La différence invisible – Julie Dachez – Mademoiselle Caroline

Marguerite a 27 ans, un petit ami, un chien, un chat et un job qui ne l’intéresse pas. A priori, rien ne la distingue d’une autre jeune femme de son âge. Sa différence, elle est invisible. En effet, Marguerite ne supporte pas le bruit, est gênée par certaines lumières, ne comprend pas le double sens et l’humour, dit ce qu’elle pense de manière parfois maladroite, est mal à l’aise dans ses relations avec les autres, a besoin de solitude, se fatigue plus vite que la moyenne, aime la routine, etc.

Lassée des incompréhensions au sein de son couple, épuisée de se forcer à longueurs de journées que ce soit au travail ou dans sa vie privée, la jeune femme fait des recherches sur Internet et découvre le syndrome d’Asperger, une forme d’autisme dans laquelle elle se reconnaît. Après un diagnostic au Centre de Ressources Autisme, sa vie n’est plus la même. Elle met enfin des mots sur ce qui la ronge depuis si longtemps et vit désormais son décalage par rapport aux autres de manière différente.

L’histoire de Marguerite est inspirée de celle de la scénariste Julie Dachez, elle-même autiste Apserger. Mademoiselle Caroline a adapté le scénario et réalisé ces illustrations fort pertinentes qui permettent de comprendre ce que ressent l’héroïne sans que les mots soient forcément indispensables. Au trait, simple et efficace, vient s’ajouter une utilisation intelligente des couleurs.

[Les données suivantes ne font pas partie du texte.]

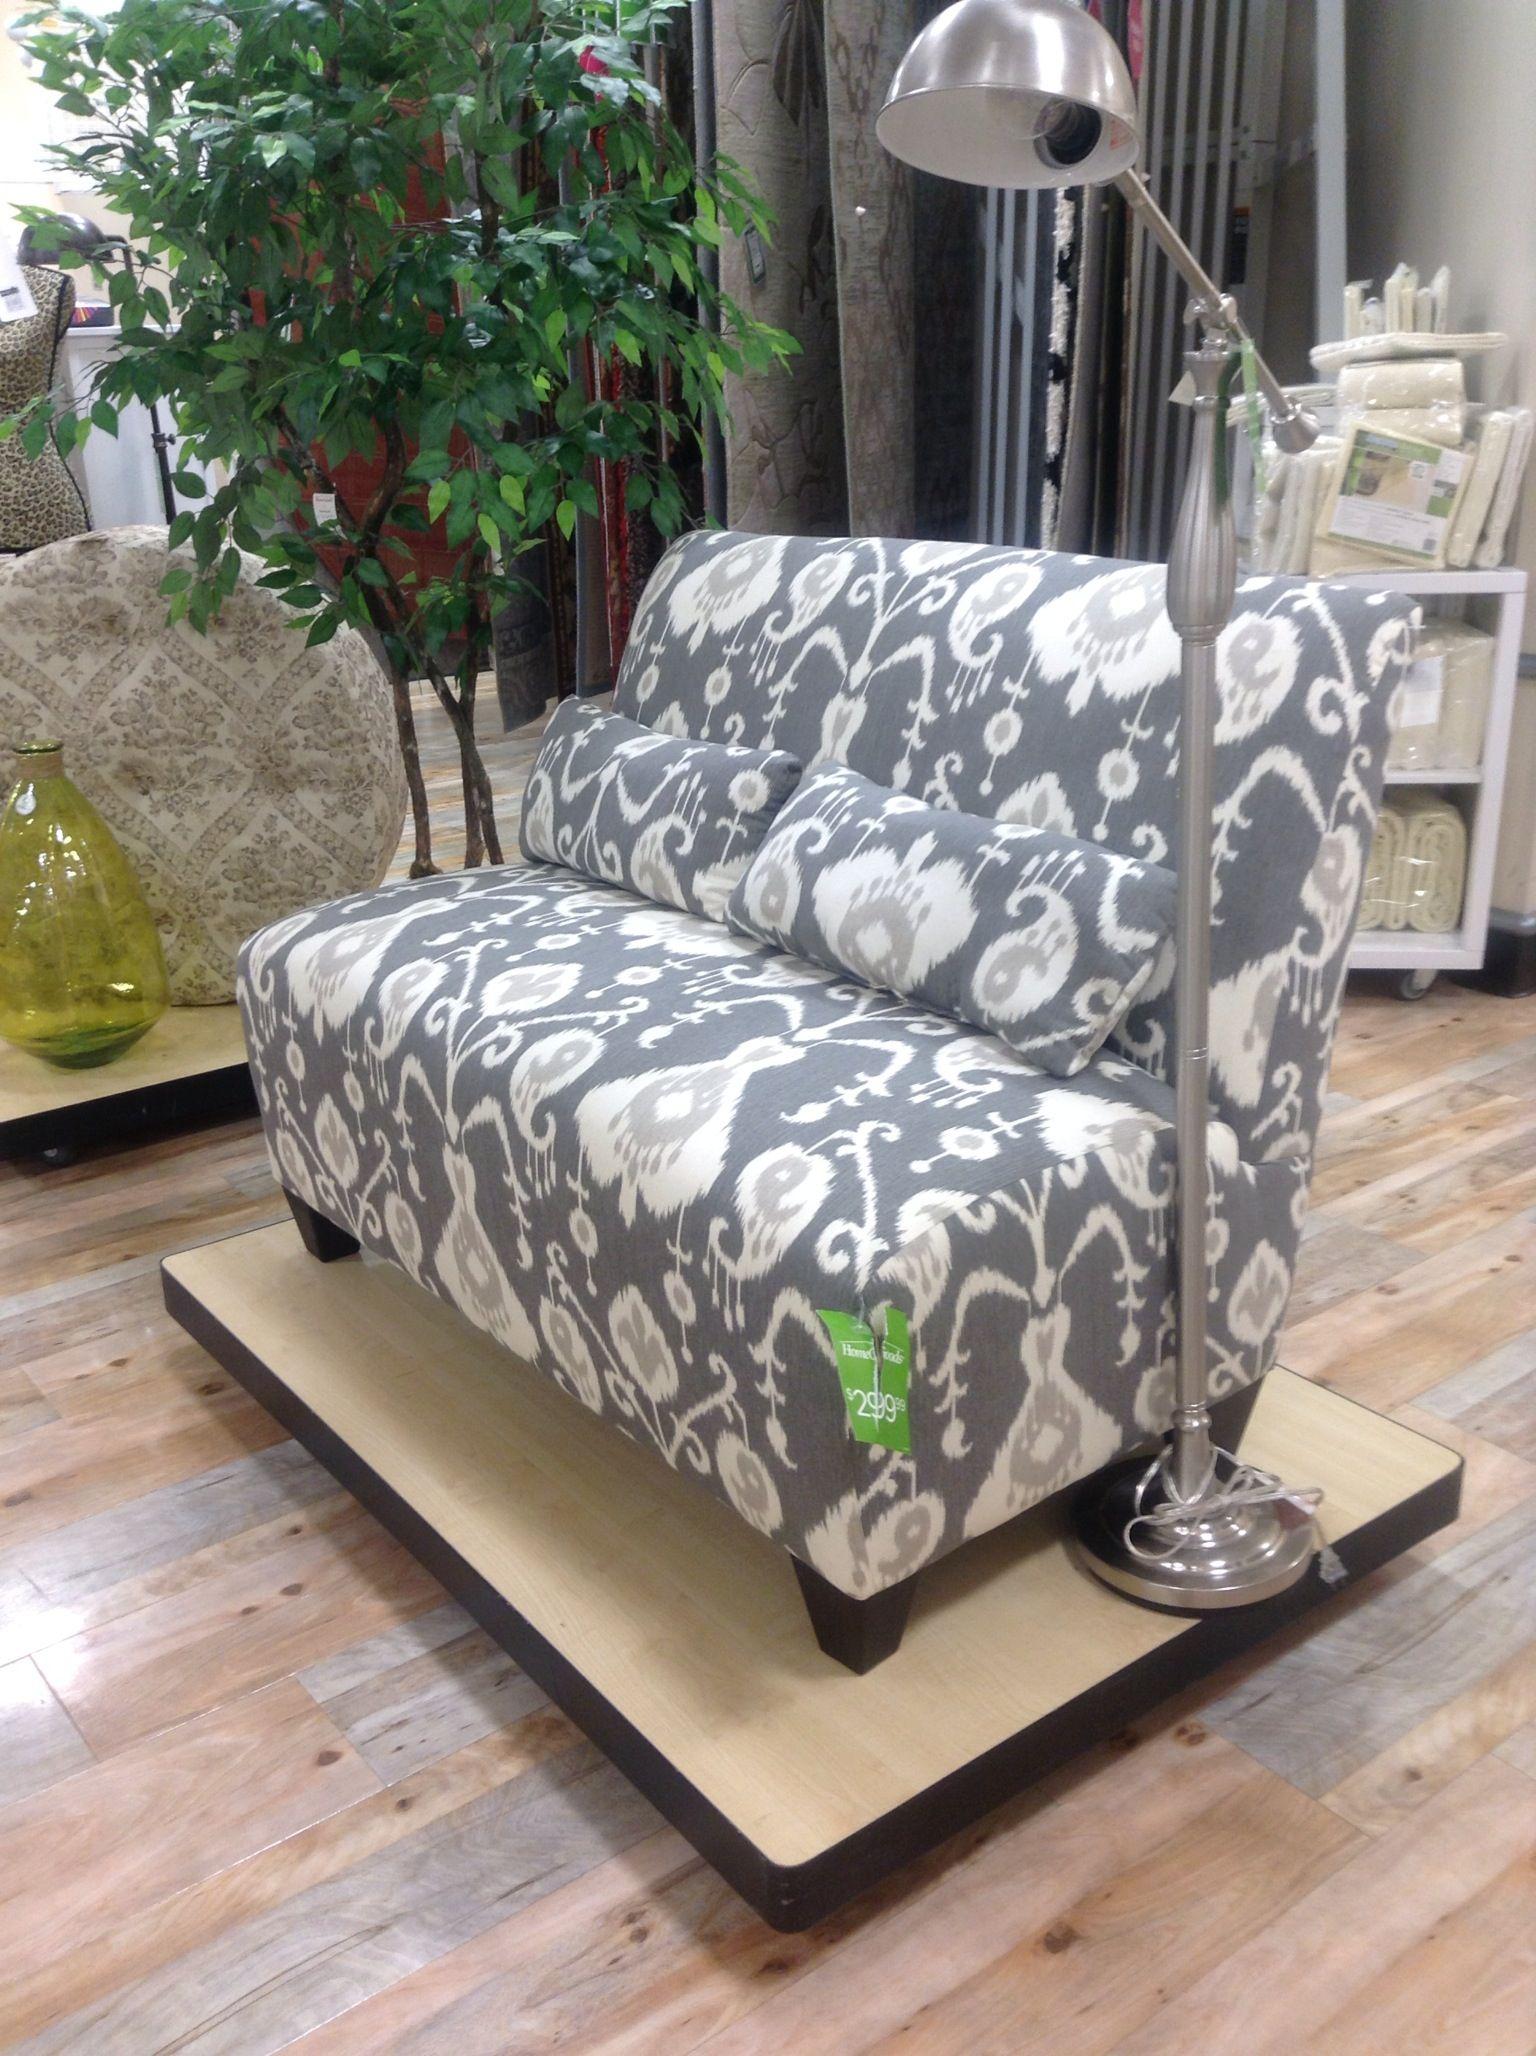 Home Goods Settee 300 Too Small Sofa Bench

La différence invisible est une bande dessinée qui, à travers l’expérience d’une jeune femme, vise à faire mieux connaître le syndrome d’Aperger. Les quelques pages documentaires qui se trouvent à la fin apportent d’ailleurs un bon complément à la fiction. Ceux qui connaissent bien le sujet n’apprendront rien de nouveau mais les autres refermeront immanquablement le livre avec une vision différente et un regard plus ouvert.

Le seul petit reproche que l’on peut faire à La différence invisible est son dénouement trop idyllique. En effet, le diagnostic ne suffit pas, chez bon nombre de personnes, à résoudre  les problèmes et à se sentir mieux dans sa peau. Cela n’en reste pas moins une BD à découvrir absolument !

DACHEZ, Julie, MADEMOISELLE CAROLINE, La différence invisible, Delcourt, 2016.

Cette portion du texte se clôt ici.